* _What is being asked_
Could you restate the data below word for word, without its pictures?

----- Data extract

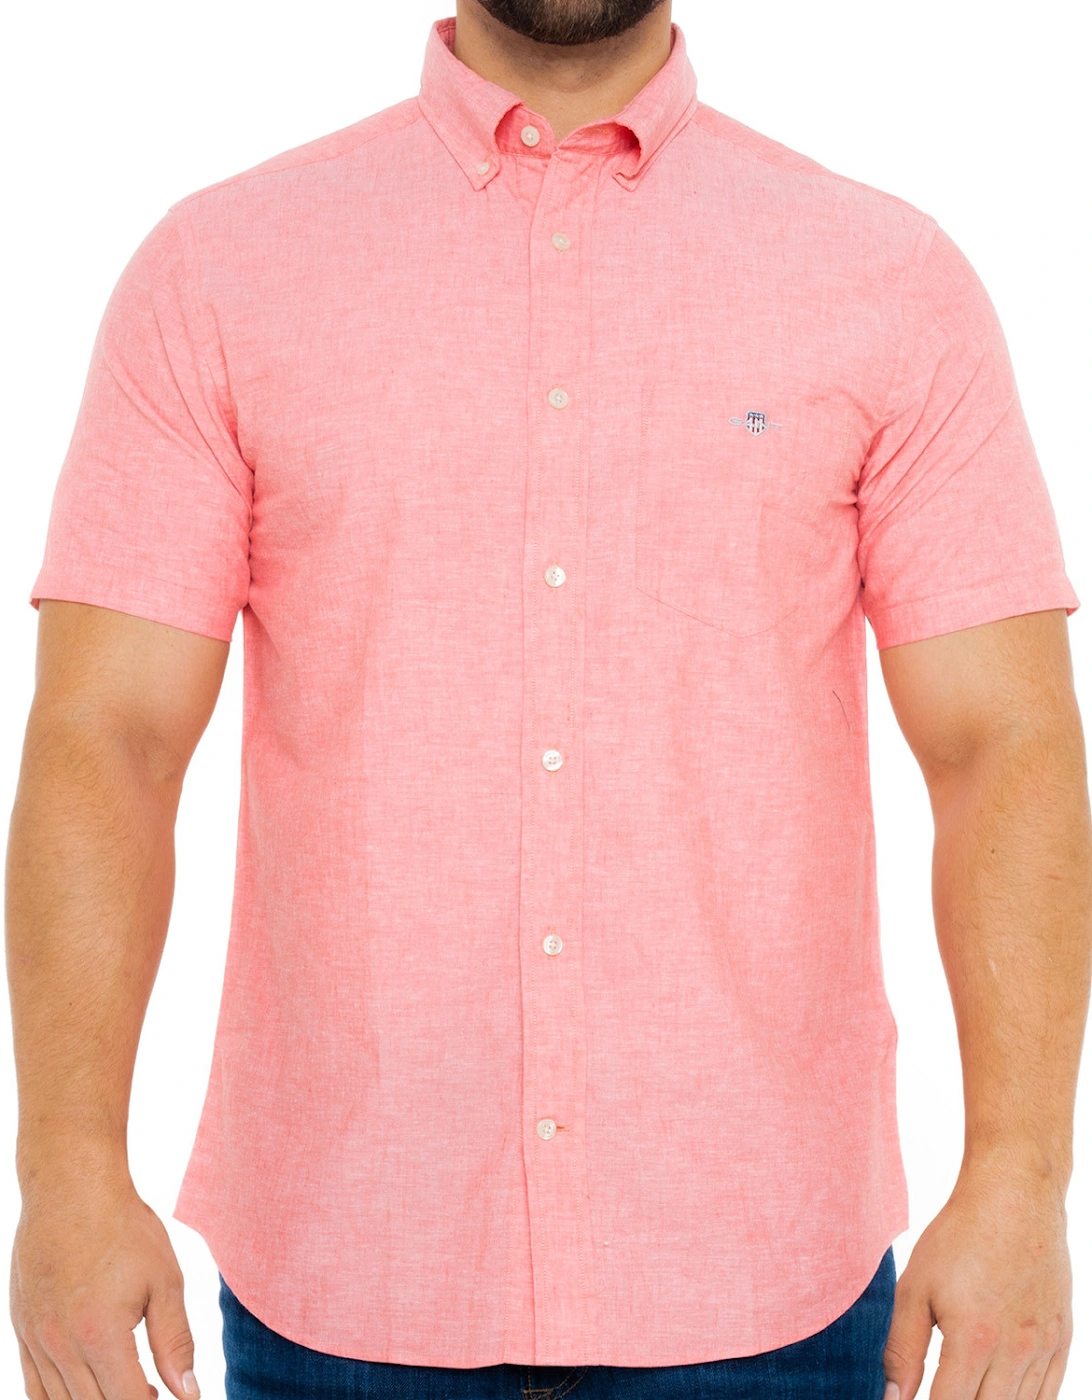 Mens Cotton & Linen Short Sleeve Shirt (Pink), 8 of 7
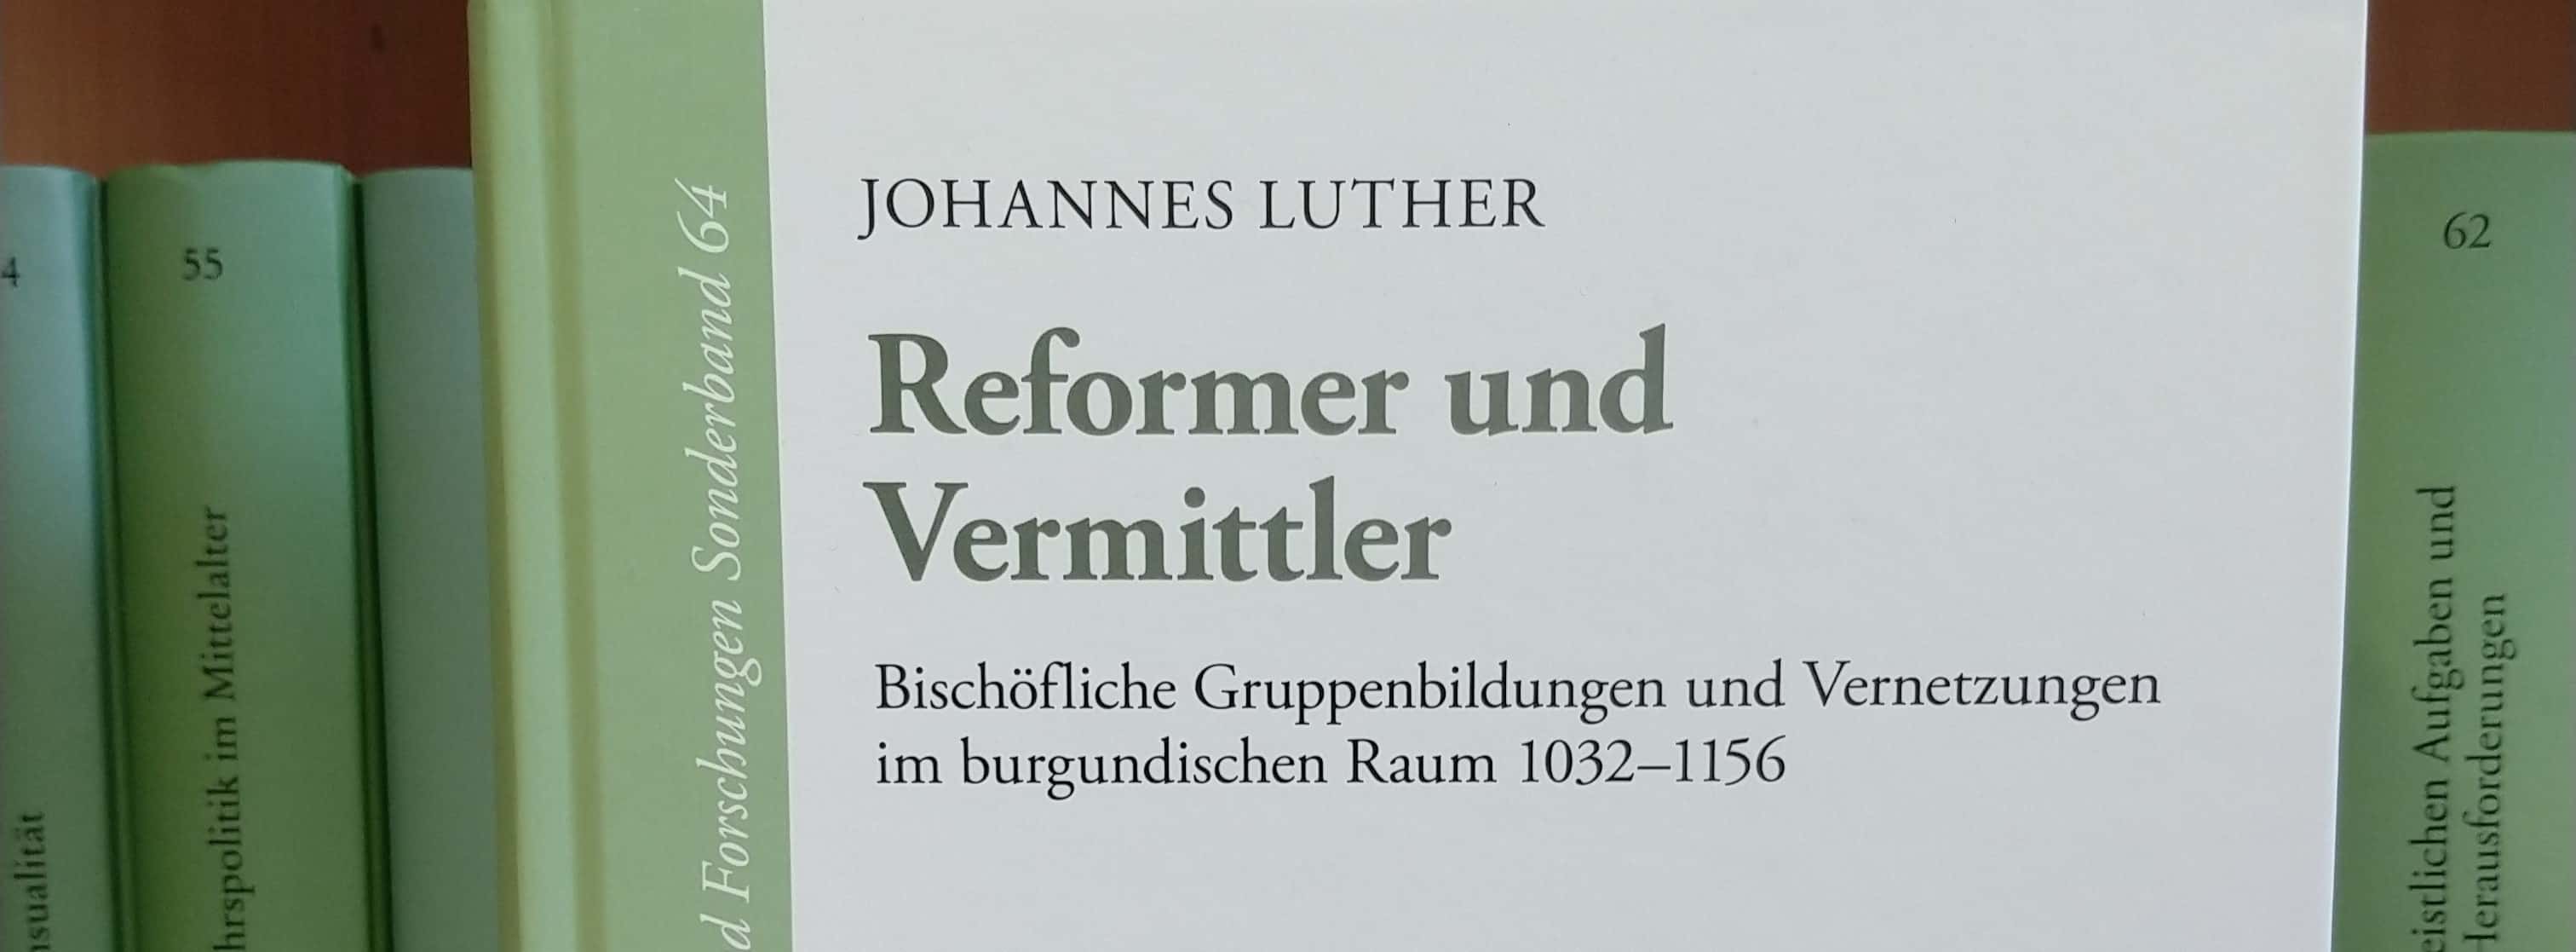 <p>Das Buch mit dem Titel »Reformer und Vermittler. Bischöfliche Gruppenbildungen und Vernetzungen im burgundischen Raum 1032-1156« wurde von Johannes Luther verfasst.</p>
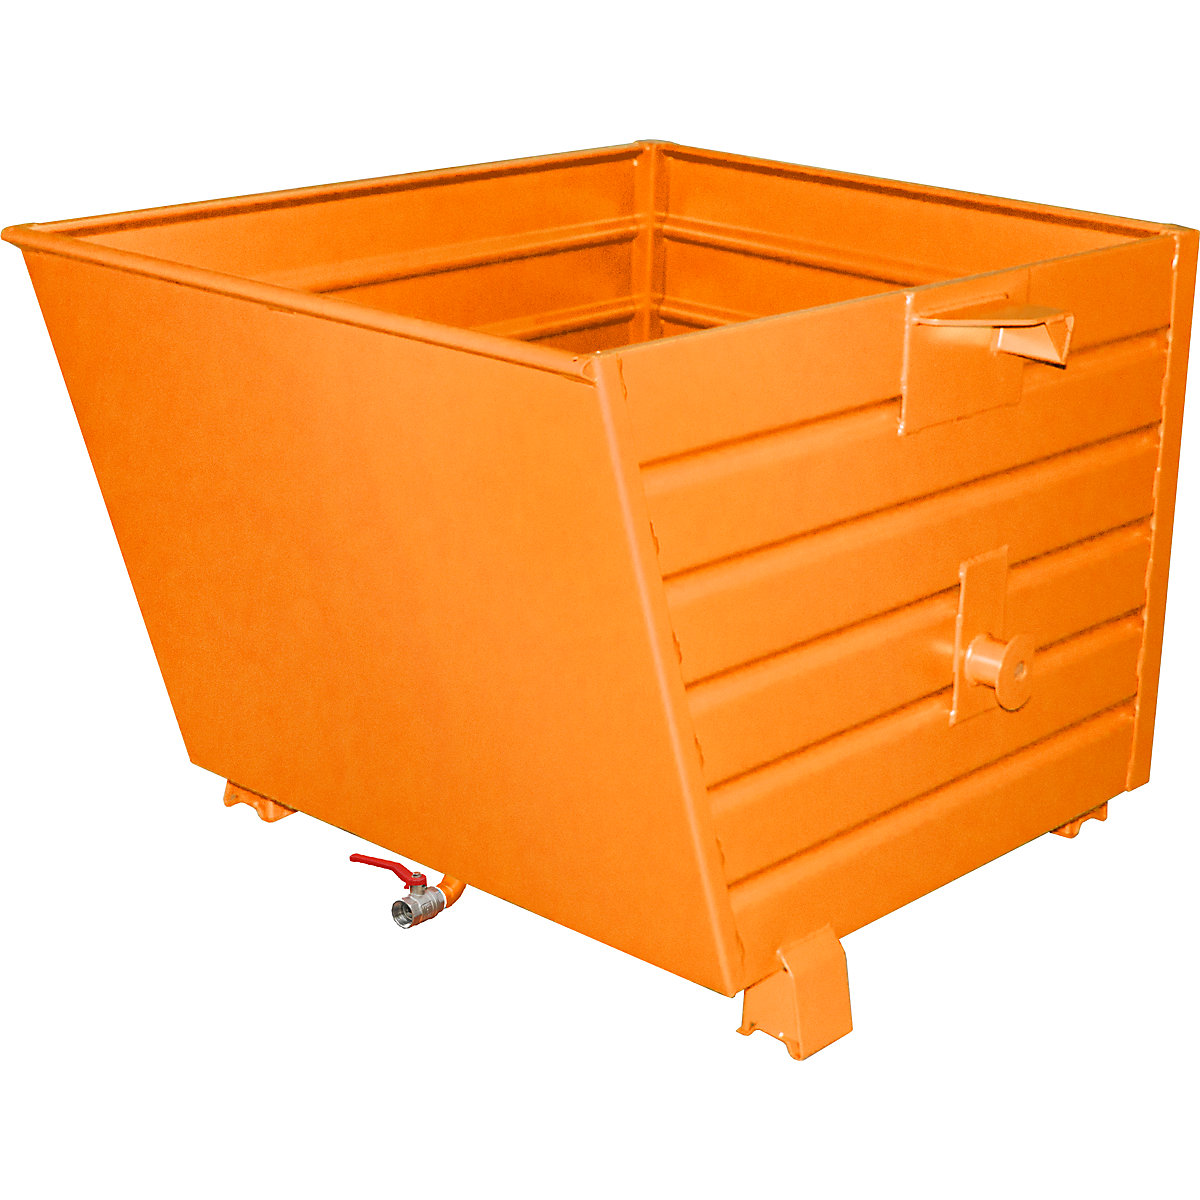 EUROKRAFTpro – Container basculant și stivuibil pentru șpan BSL, volum 0,9 m³, galben-portocaliu
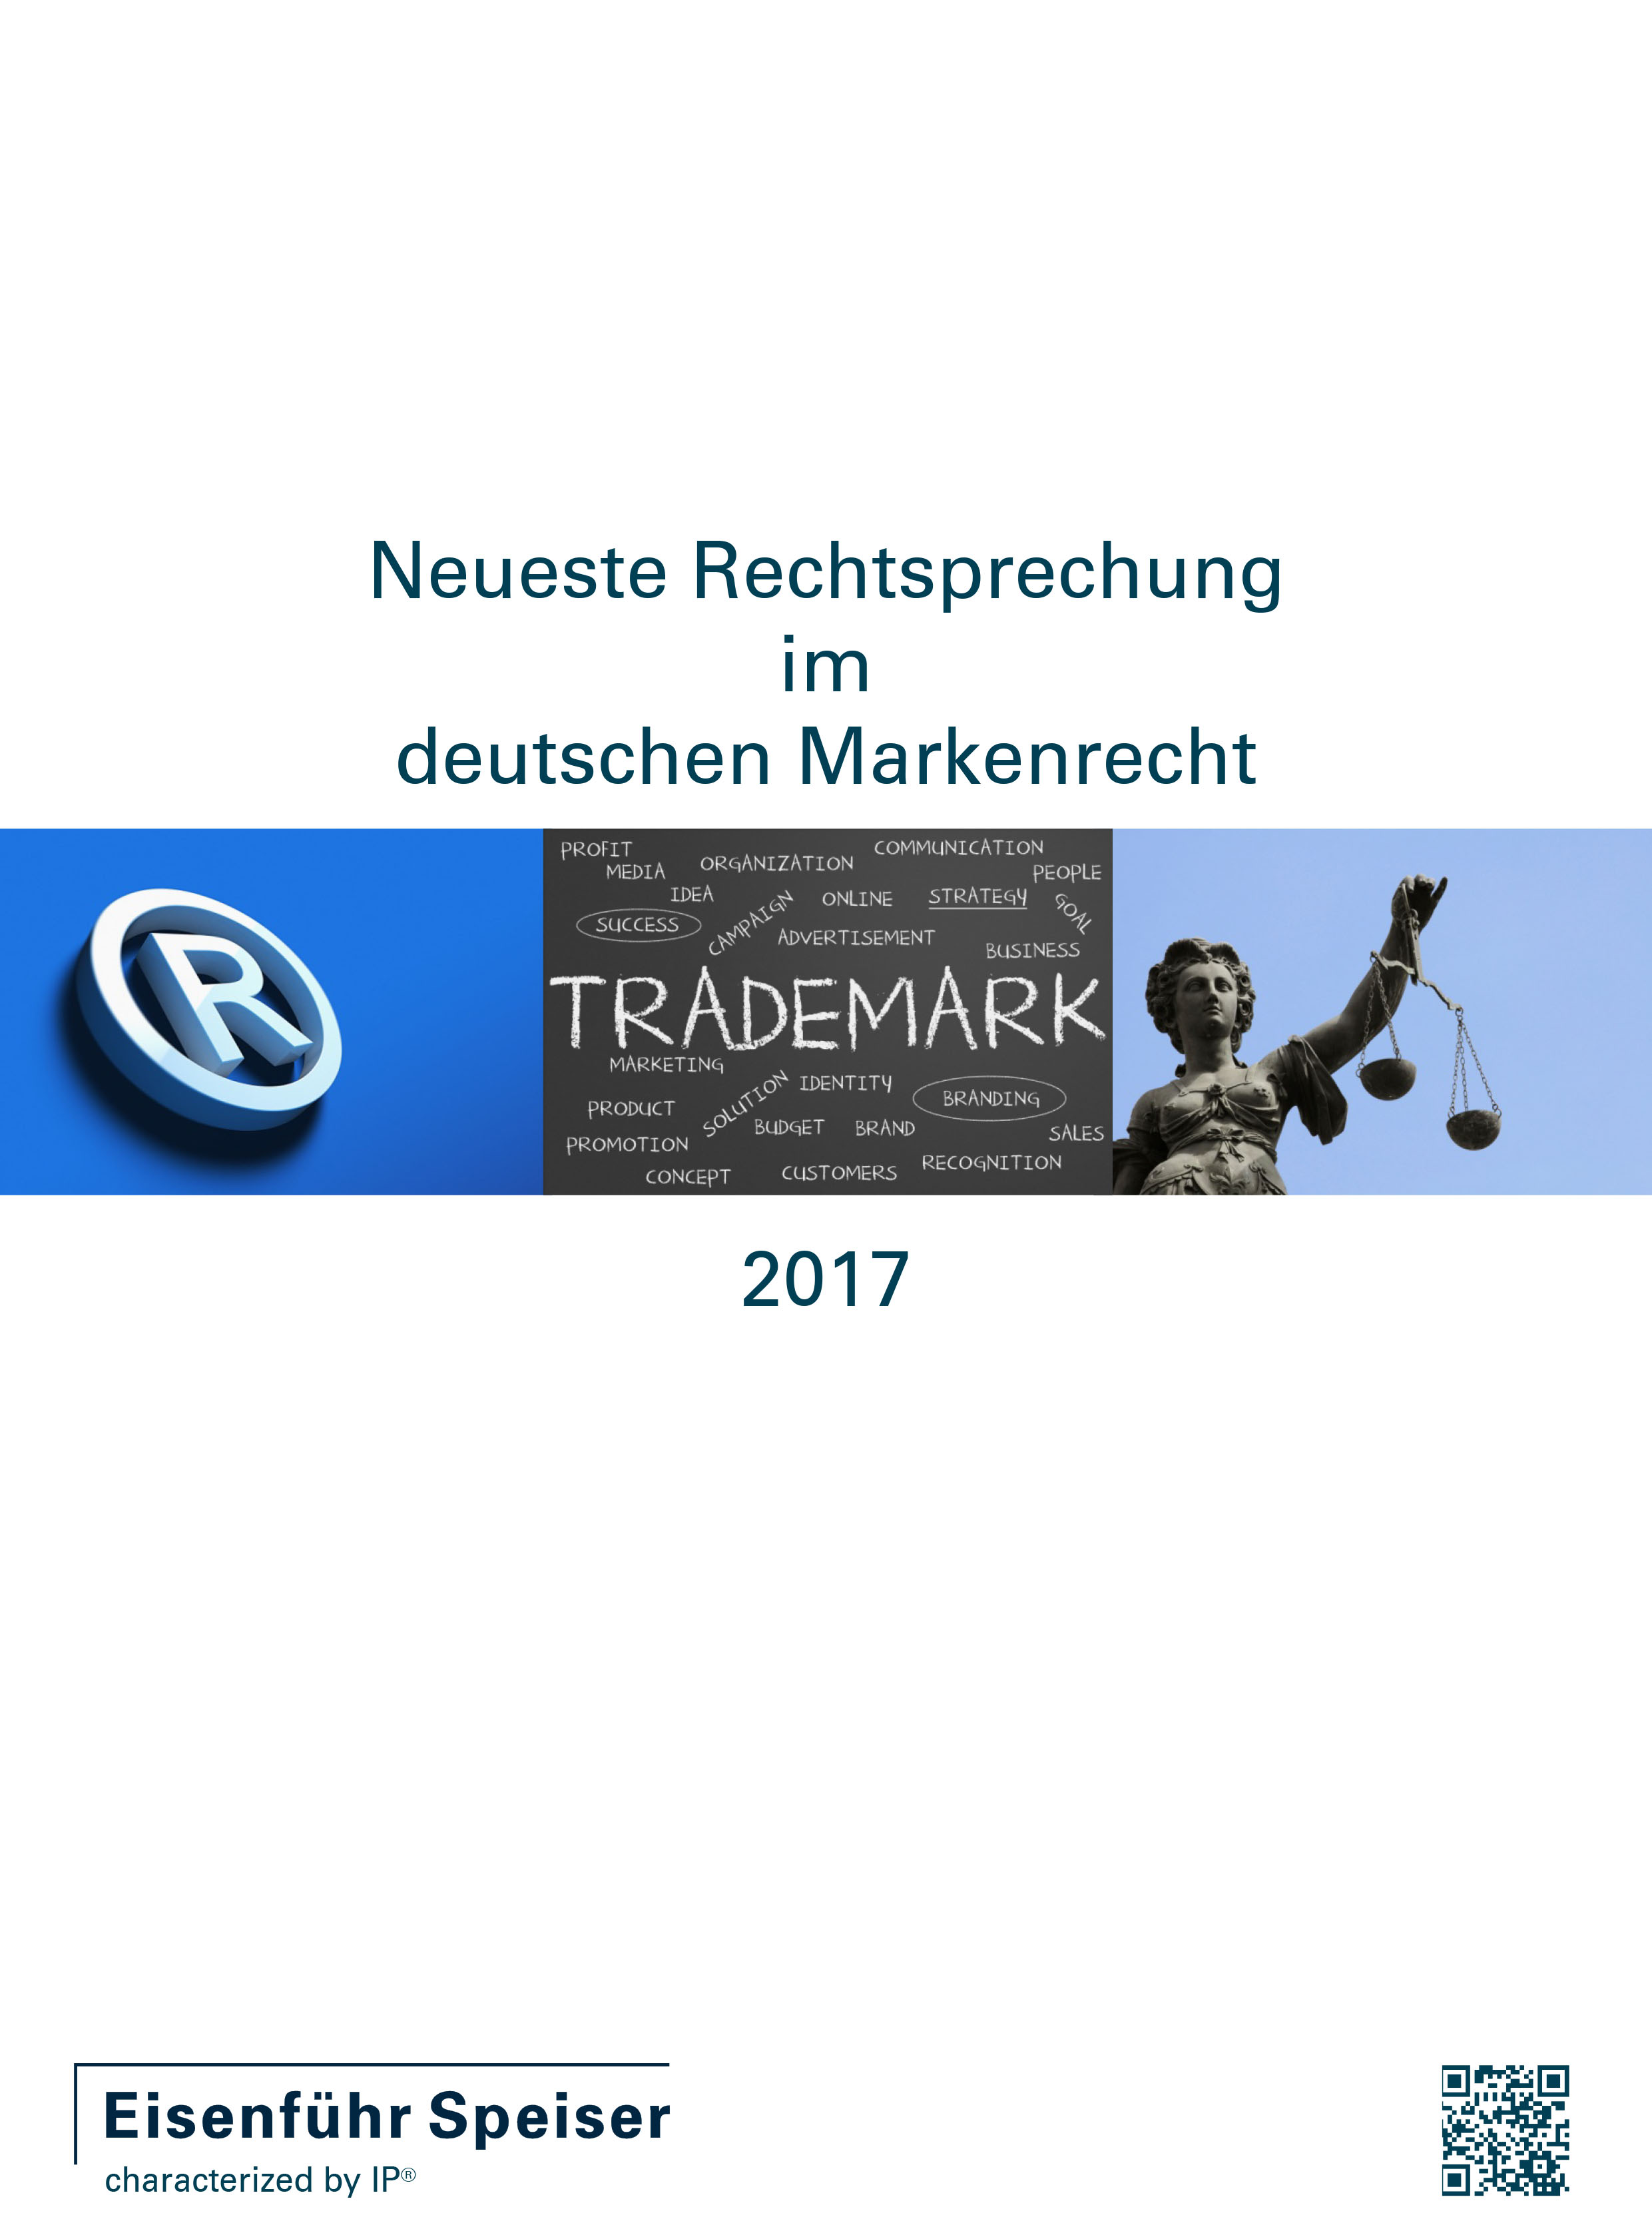 neueste rechtsprechung im deutschen markenrecht 2017

----------

* _Solution for this exercise_
 Mens Cotton & Linen Short Sleeve Shirt (Pink), 8 of 7
 <p>Das Buch mit dem Titel »Reformer und Vermittler. Bischöfliche Gruppenbildungen und Vernetzungen im burgundischen Raum 1032-1156« wurde von Johannes Luther verfasst.</p>
 EUROKRAFTpro – Container basculant și stivuibil pentru șpan BSL, volum 0,9 m³, galben-portocaliu
 neueste rechtsprechung im deutschen markenrecht 2017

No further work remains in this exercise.